На этом просмотр смонтированного в черновом качестве материала закончился. Свет в просмотровом зале включился. А я, приподнявшись с первого ряда и развернувшись к зрителям, среди которых были только актёры и члены нашей съёмочной группы, задал немой вопрос: «ну, как?».

– Отличное кино, Феллини! – рявкнул главный оператор Дмитрий Месхиев. – Никого не слушай. Народ валом повалит в кинотеатры! Я за это ручаюсь!

– Отлично! Здорово! Так держать! – стали выкрикивать зрители со своих мест то тут то там.

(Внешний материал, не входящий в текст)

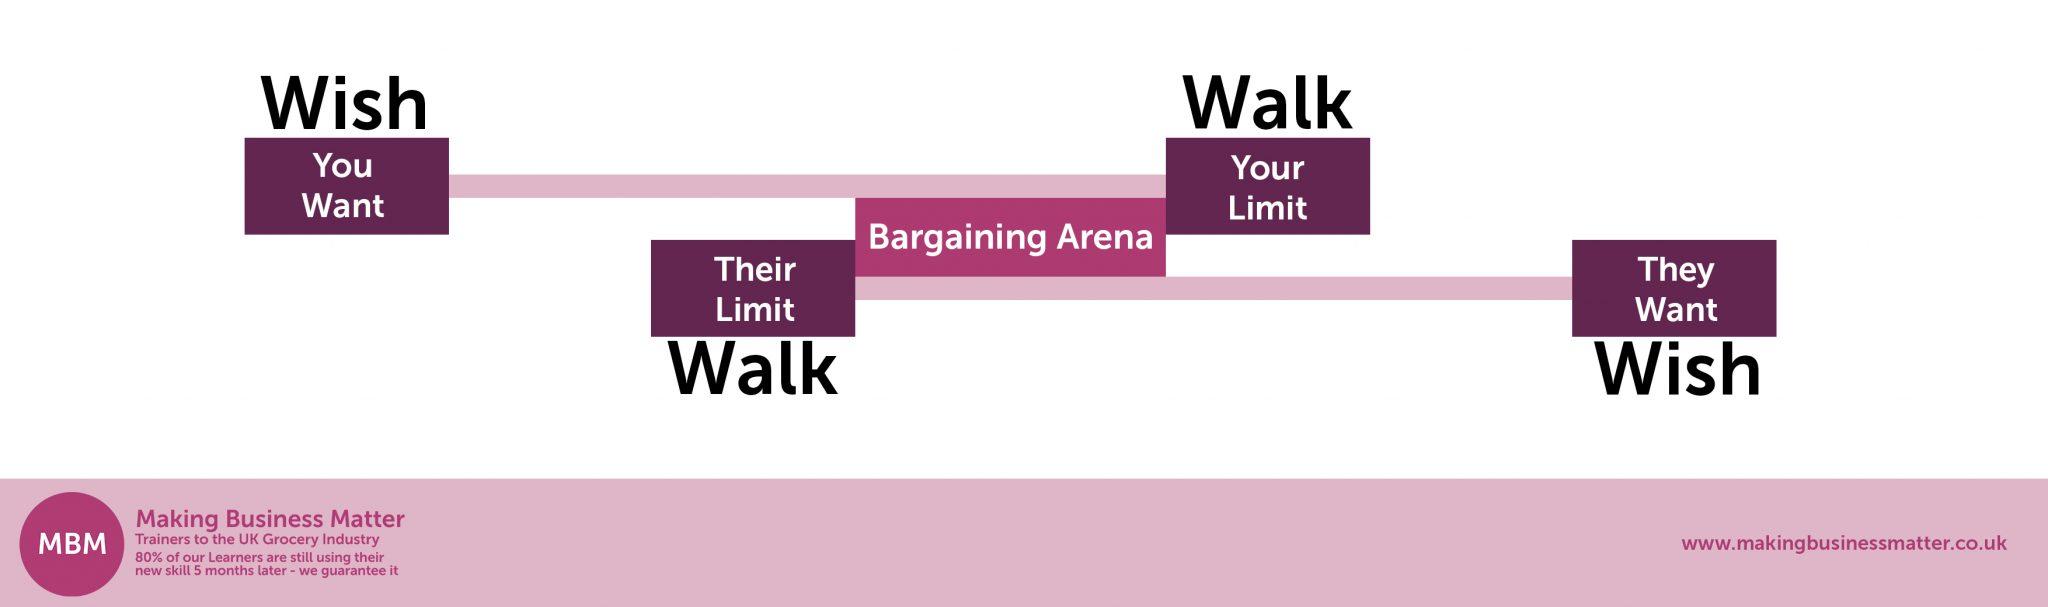 Wish - Walk, Walk Wish Diagram

– Только у меня остался один вопрос? – почему-то встала и как в школе подняла руку актриса Людмила Гурченко. – Кто всё-таки преступник? Пока что-то ничего не понятно. Неужели мой киношный муж?

И гомонящий разными голосами просмотровый зал тут же притих.

– Теперь, когда осталось два съёмочных дня, скрывать преступника не имеет смысла. Картину украл вот этот персонаж, – сказал я и указал рукой в центр кинозала.

Глава 24

По сценарию муж директрисы Русского музея работал слесарем в НИИ. Я специально не стал уточнять адрес этого заведения, чтобы случайно не бросить ненужную тень на нужный плетень, и чтобы потом не понеслась коричневая субстанция по трубам. Так как в нашей советской державе таких институтов нагородили почти 6 тысяч штук, а младших научных сотрудников, словно кроликов в соответствующем заповеднике, расплодили под целый миллион.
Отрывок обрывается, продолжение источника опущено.